Hanson Duvall Puthuff (1875-1972) Biography
Hanson Puthuff is known for his plein air landscape paintings of California and Arizona.
Puthuff was born in Waverly, Missouri, the son of a struggling carpenter named Alonzo Duvall. Upon his mother's death when he was two years old, Hanson was given to the care of his mother's close friend, Elizabeth Puthuff, a Civil War widow who supported herself as a seamstress. Puthuff raised him until age six and then again from age fourteen on, the intervening years having been spent in the care of various relatives in Kentucky. He remained close with his foster mother and later took her name.

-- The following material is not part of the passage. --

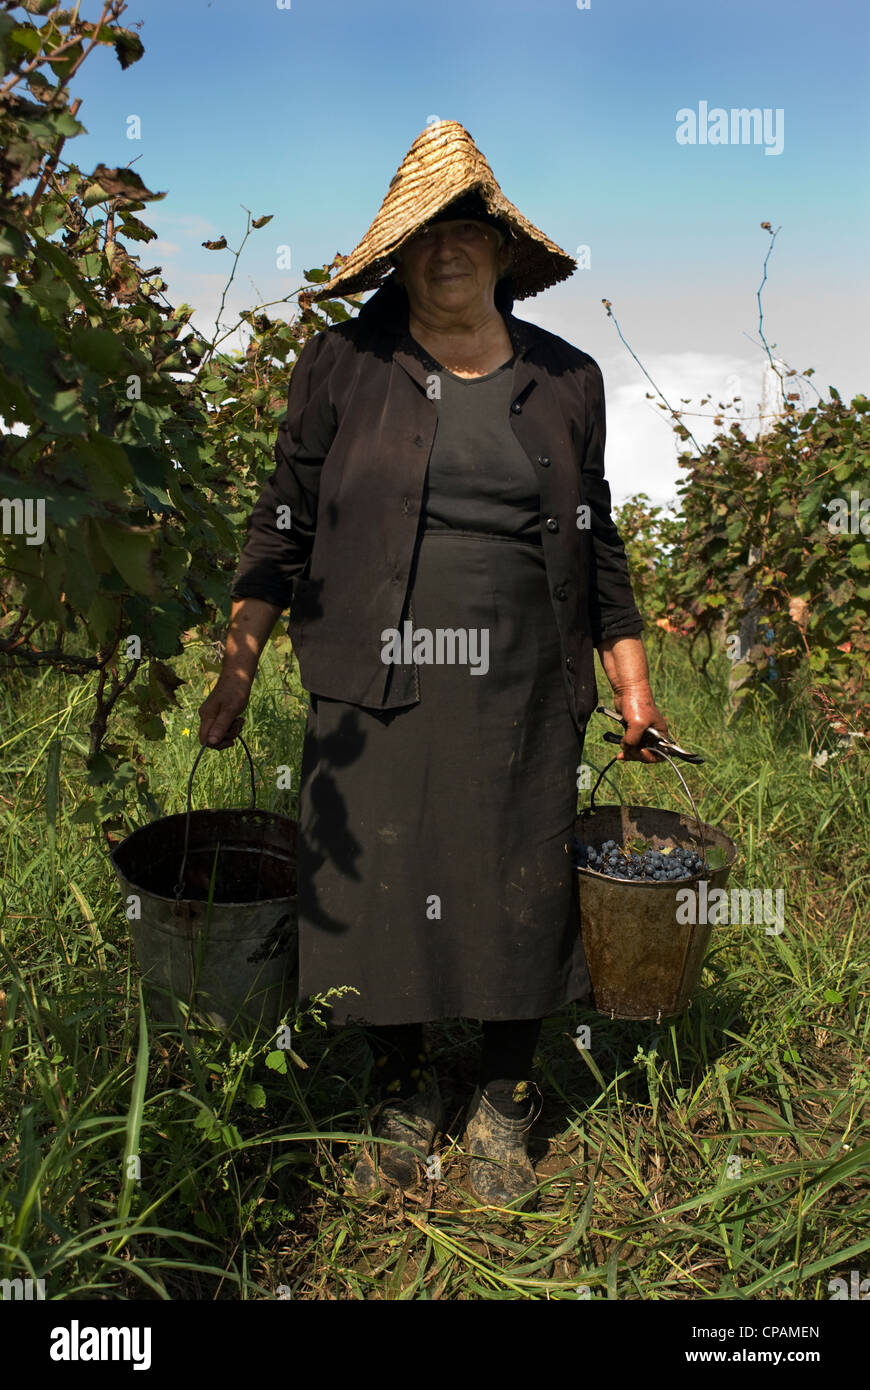 Woman grape picker, Georgia, former Soviet republic Stock Photo

Puthuff attended classes at the Chicago Art Institute before Elizabeth and he moved to Colorado in 1889. In 1893, he enrolled in the art school at the University of Denver and later studied at the Chicago Academy of Fine Arts. He worked for a time as a commercial artist in Peoria before returning to Denver where he found work as a sign painter for an advertising firm.
In 1903, Puthuff moved to Los Angeles and took jobs painting signs, billboards, and scenic backdrops. He later went to work for the billboard giants, Foster & Kleiser.
Throughout his commercial career, Puthuff did easel painting on the side and also taught private art classes. When he moved to California he was most interested in figure painting, but his love for California's majestic scenery led him to focus almost exclusively on plein air landscapes. In 1926, Puthuff decided to leave commercial art in favor of easel painting. He traveled extensively around the state and accompanied Edgar Payne on painting trips to Canyon de Chelly and the Navajo Reservation.
His first large commission was from The Santa Fe Railway which sent him to paint views of the Grand Canyon. He created backdrops for habitat exhibits at the Los Angeles County of History, Science, and Art, and for the Theodore Roosevelt Memorial at the American Museum of Natural History in New York.
Puthuff exhibited throughout California as well as in Chicago and New York. He won medals at Alaska-Yukon Exposition in 1909 and the Panama-California Exposition in 1915. He held memberships in the Laguna Beach Art Association, the Salmagundi Club, the San Francisco Art Association, and was a founding member of the California Art Club.